Sports Analogies Hidden In Classic Movies – Volume 56: “Pat and Mike”

  • Today’s Movie: Pat and Mike
  • Year of Release: 1952
  • Stars: Spencer Tracy, Katharine Hepburn, Aldo Ray
  • Director: Geroge Cukor

This movie is not on my list of essential films.

NOTE: This installment of Sports Analogies Hidden In Classic Movies is being done as part of something called The Second Spencer Tracy Katherine Hepburn Blog-A-Thon being hosted In the Good Old Days of Classic Hollywood and Love Letters To Old Hollywood.

You can see all the contributions to this blog-a-thon here:

The Story:

Written by Ruth Gordon and Garson Kanin (who were personal friends of Spencer Tracy and Katherine Hepburn), “Pat and Mike” centers on the exploits of Pat Pemberton (played by Katharine Hepburn). Pemberton just so happens to be the world’s pre-eminent female athlete of her day, particularity when it comes to golf and tennis. A cavalcade of championships seem to be at her fingertips, but it is soon clear to the first-time viewer that her charming but overbearing fiancé Collier (played by William Ching) is more hindrance than help.

Not only is she flustered by his presence at her competitions, he openly wants her to surrender her dreams in order to marry him. Not only does she refuse to do so, , but Pat does not give up on herself that easily.
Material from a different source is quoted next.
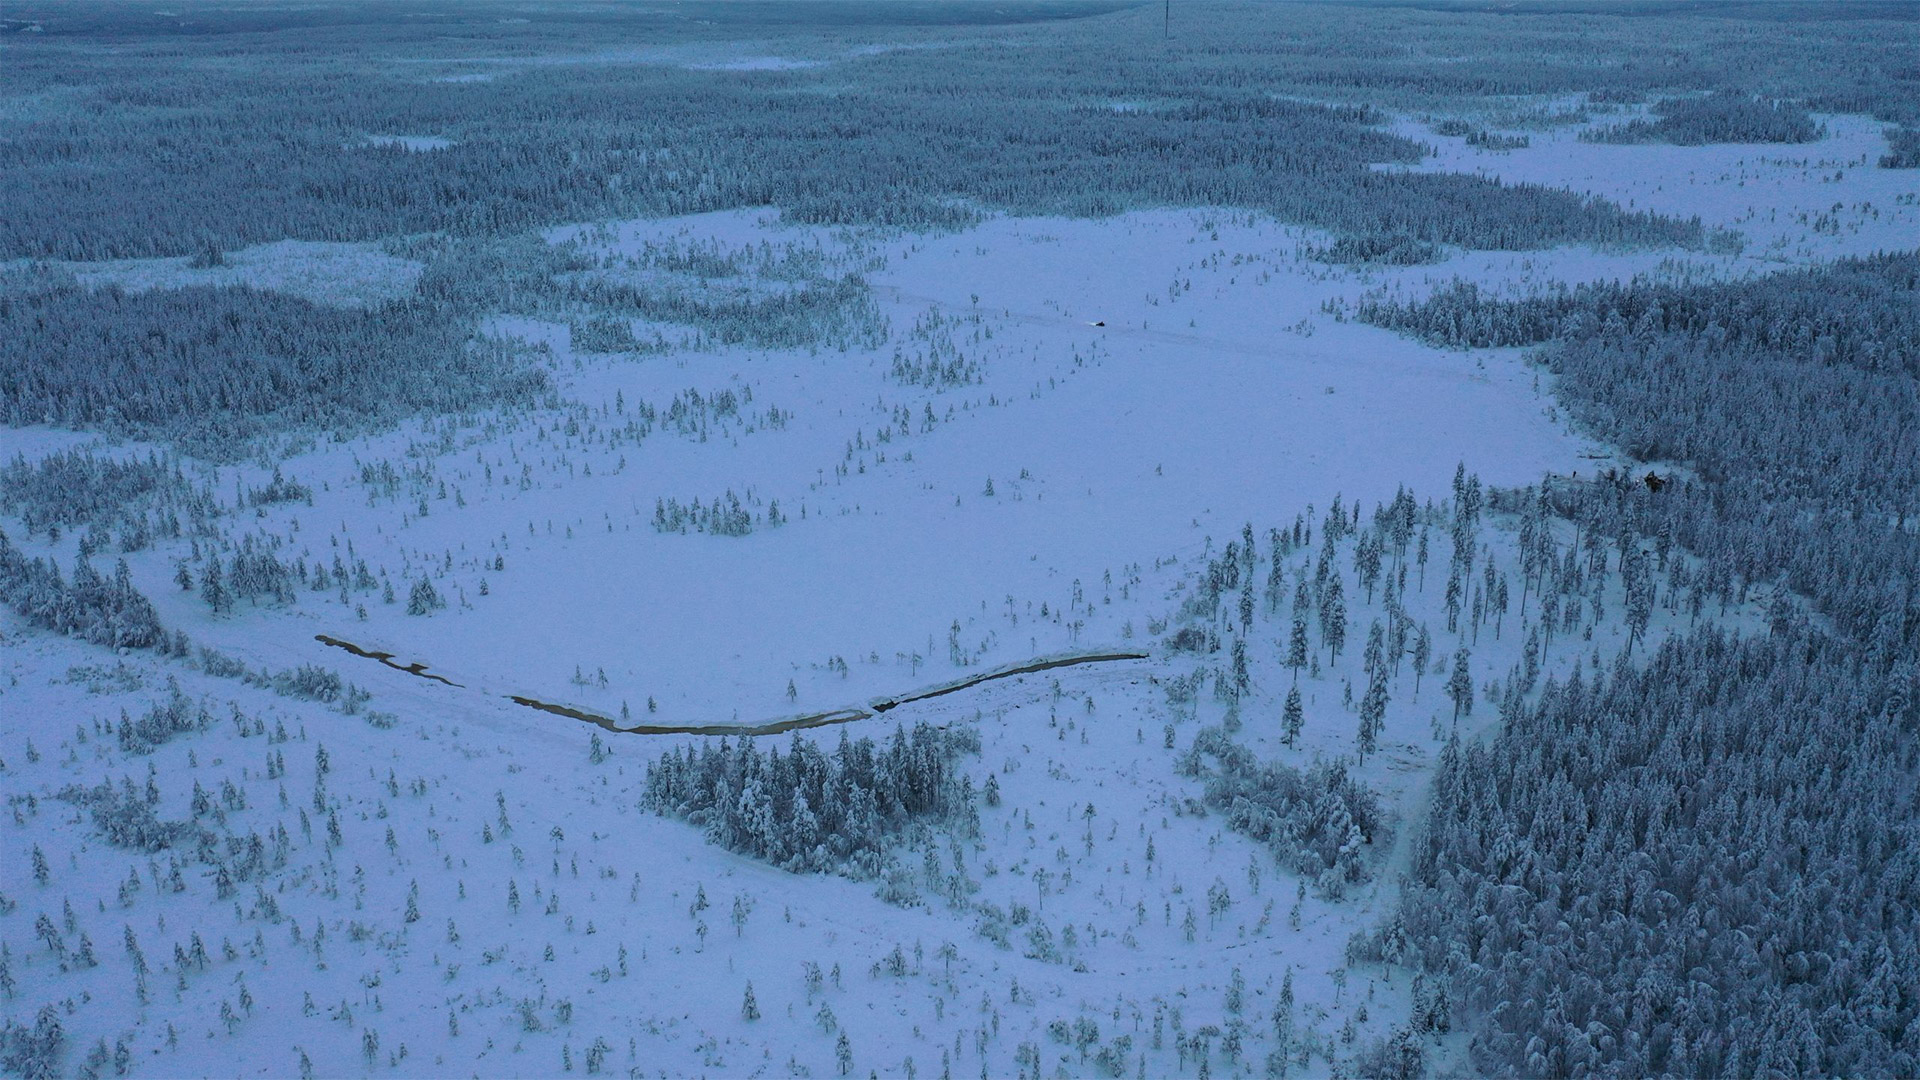 Wintery scenery with lots of snow and forest. Photo taken with a drone.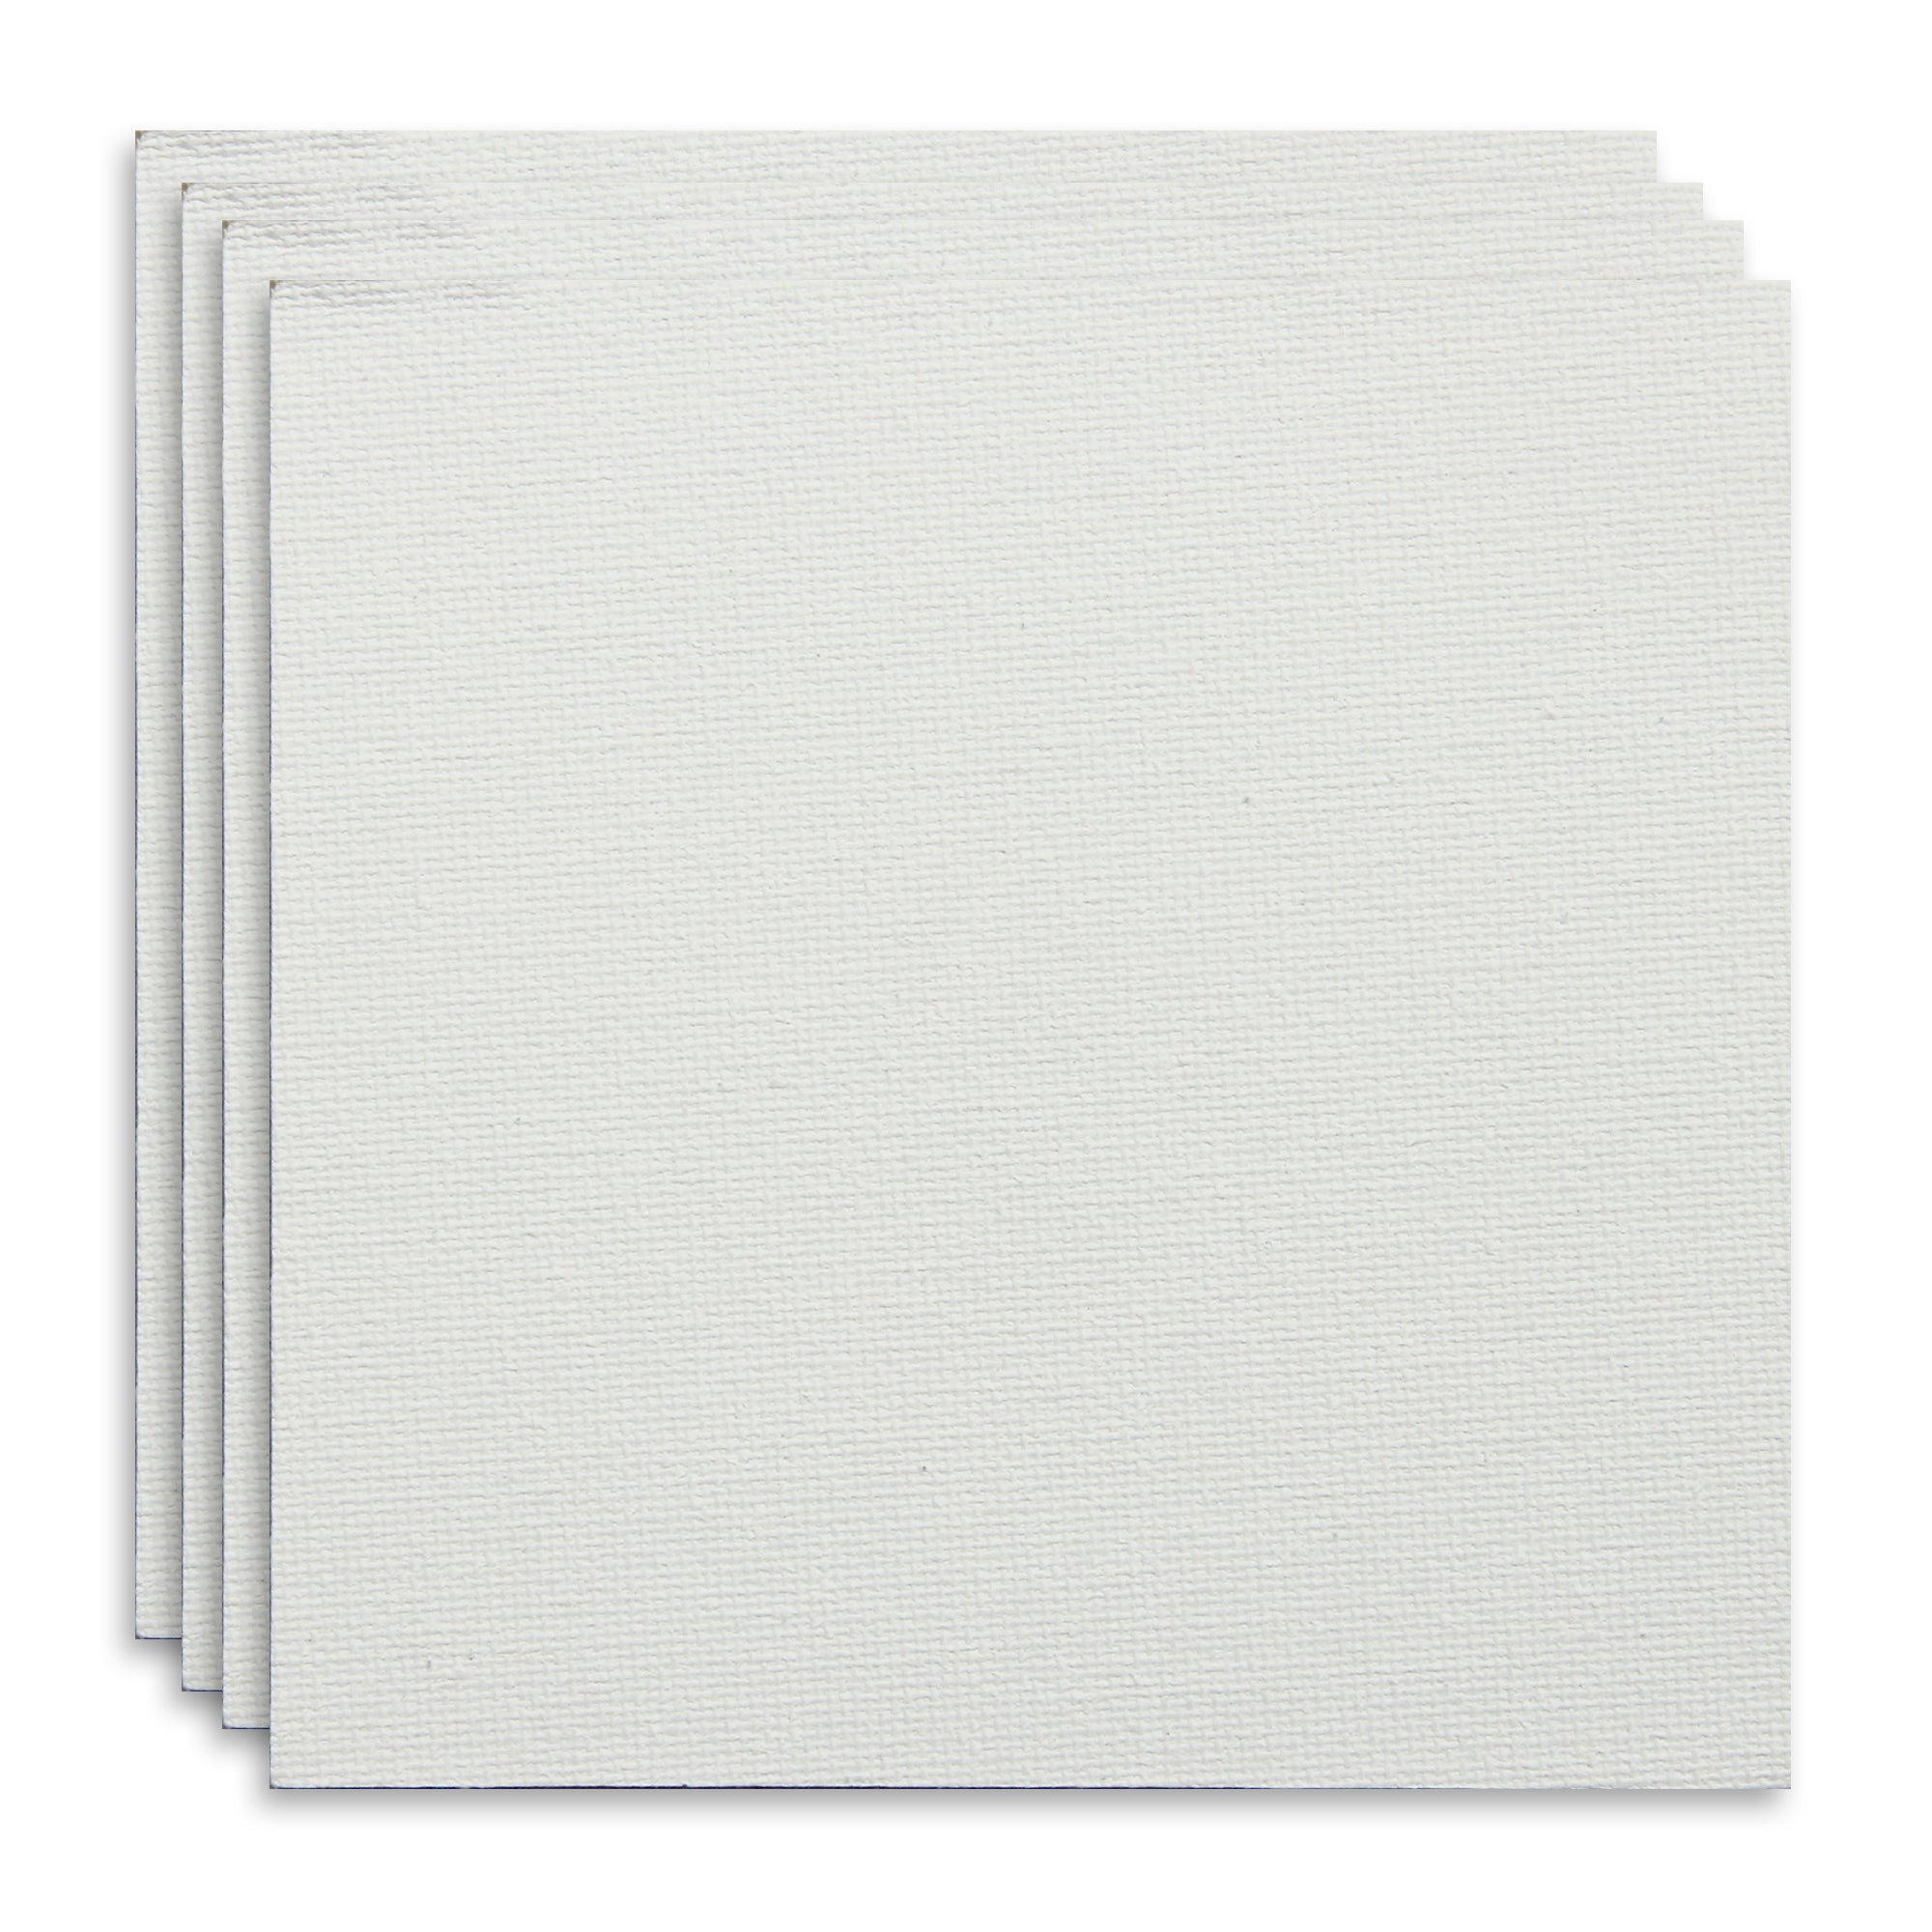 Canvas Board Square 6 X 6Inch 230Gsm 2Mm Thick 4Pc Shrink Lb

She enlists the help of a slightly shady sports promoter named Mike Conovan (played by Spencer Tracy).

From here, this film becomes a delightful bit of light comedy through various sporting endeavors…matching golf strokes with real athletes like Babe Didrikson Zaharias and Betty Hicks, along with trading forehands and volleys with Alice Marble, Don Budge, and Gussie Moran.  As a sensational all-round athlete, Pemberton shows herself to to have all the qualities to be a first-rate professional.

Woven throughout Pemberton’s athletic exploits are the predictable-from-the-outset burgeonings of a romance between her and Conovan.  While one can see the romance coming, at least it isn’t predictably linear in getting there,. Along the way we are treated to a jealous rival in a heavyweight boxer (played by Aldo Ray) managed by Conovan, and a racehorse he also manages which serves as a rival for his attention.  We are also treated to Pemberton putting on a judo display to flatten two mobbed-up gorillas.

All tolled, “Pat and Mike” is an easy romp combining the writing styles of Gordon and Kanin, with subtle notes of Damon Runyan thrown in.  It’s also not hard to feel reminiscent of “Woman of the Year” with an oddly theatrical flourish. More importantly, Hepburn pulls off the side-by-side with professional athletes in a far more credible manner than say Anthony Perkins in “Fear Strikes Out” or William Bendix in “The Babe Ruth Story.”

The Hidden Sports Analogy:

Todays’s hidden sports analogy is clearly the least hidden of all the ones I’ve done; Hepburn’s “Pat Pemberton” is clearly modeled after Babe Didrikson-Zaharias…so much so the real Didrickson-Zaharias appears in this film. In the movie, Pemberton’s athletic prowess is limited to golf and tennis, but in reality Didrickson-Zaharias was easily the greatest female athlete the world has ever seen.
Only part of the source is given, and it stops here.